All garbage collection is, is when free becomes a no-op, and all the work is done in the malloc() call. It turns out that "malloc()" has all the information for which nodes were allocated, as well as which ones are alive and/or dead.

The kernel never has this information, because the malloc() call threw it away in the first place. If the programmer _had_ the information, they would have called free().

But the programmer decided that calling free() was either too hard, or error-prone for their use case, and decided to go with the easier malloc-only interface. That means that malloc() now has to work a lot harder to "rediscover" the locations of all pointers that must be freed.

It doesn't matter if these routines are in the kernel, in user-space, or taking place on the moon over a TCP/IP port by carrier-pigeons.
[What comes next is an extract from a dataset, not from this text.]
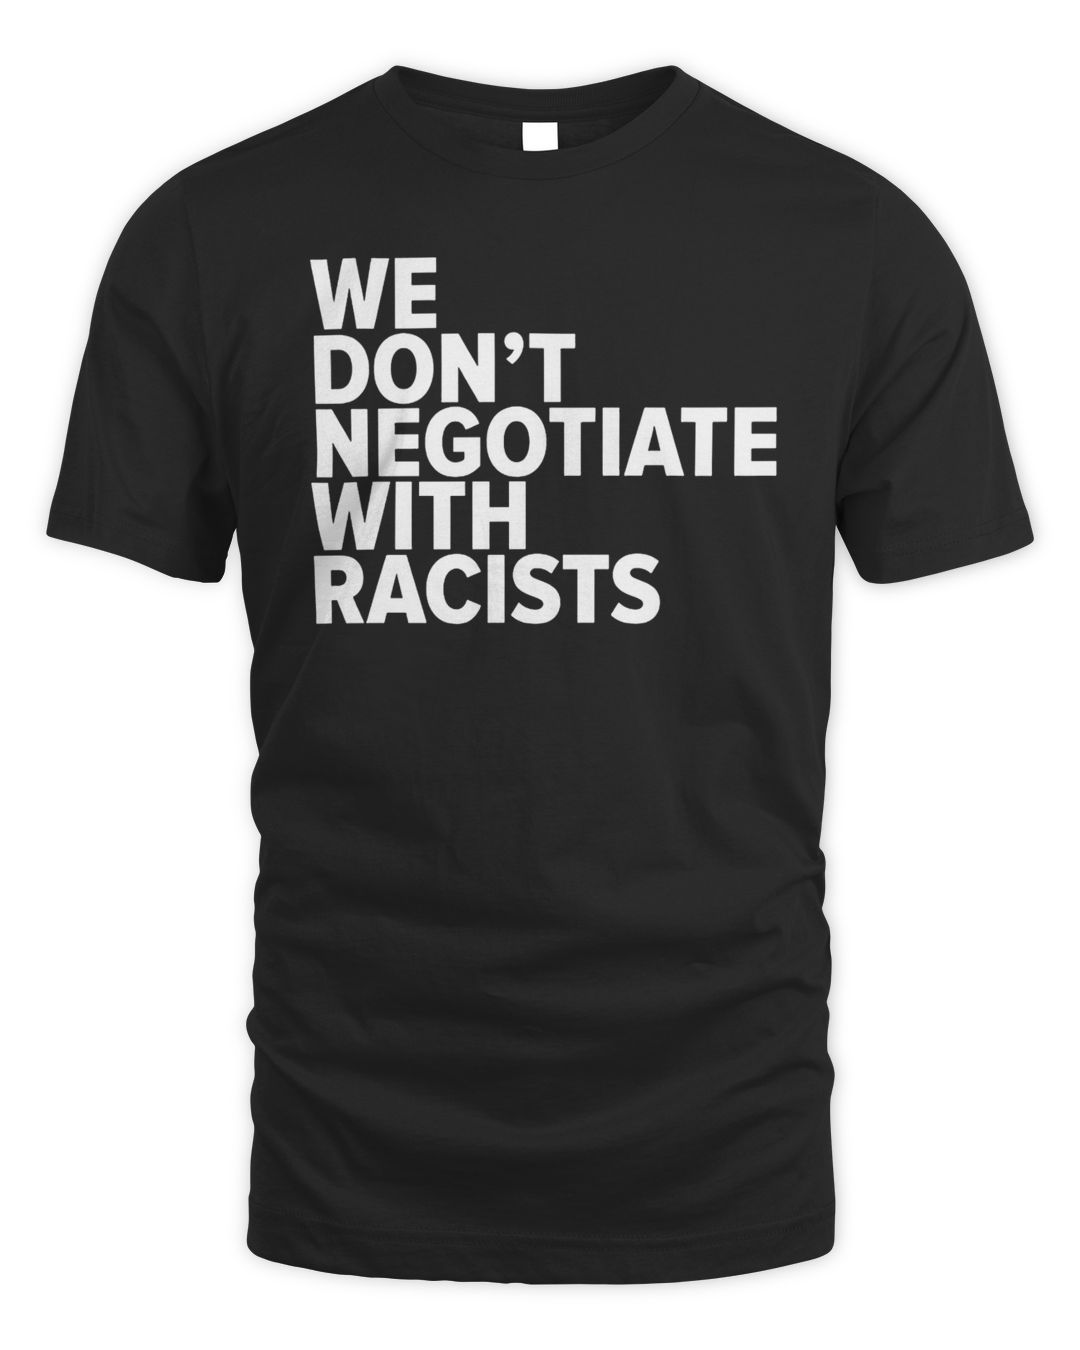 Tom Morello Merch We Dont Negotiate With Racists Shirt

The fundamental tradeoff you have is that your code must rediscover live vs dead pointers on its own, independently from the programmer.


Correction on futexes: You've mostly got hot and cold inverted, here. A hot mutex/futex or code segment is one that many threads are trying to use at once. A cold one is one that is not very busy. So cold futexes are typically purely userspace and hot ones become less so.


The current plan of action for most OSes is to migrate to micro-kernel like designs.

Tanenbaum was right after all.


Isn't that going to get extremely costly with all the workarounds around hardware based side channel attacks? Only way I see micro kernels making sense is if we find a way to make the CPU cache less leaky without wasting tons of performance on it.


Most OSes in high integrity computing are micro kernels already.

The Switch performance also doesn't seem to suffer from having a micro-kernel, specially if we look at their sales.

Finally, Linux has long been tainted with micro kernel like stuff, with type 1 hypervisors, userspace drivers like DPDK, Project Treble (userspace drivers with Android IPC), systemd, security critical applications like browsers moving back to UNIX process per task model, containers,...

In a hypervisors cloud based systems, doing microservices and serverless, with language runtimes that are hypervisor aware, who cares about monolith kernels?


> The Switch performance

Nintendo consoles aren't exactly targeting the high performance games. What they are targeting with extreme prejudice are people using their hardware in ways they did not bless, the need to lock down the console probably supersedes everything else.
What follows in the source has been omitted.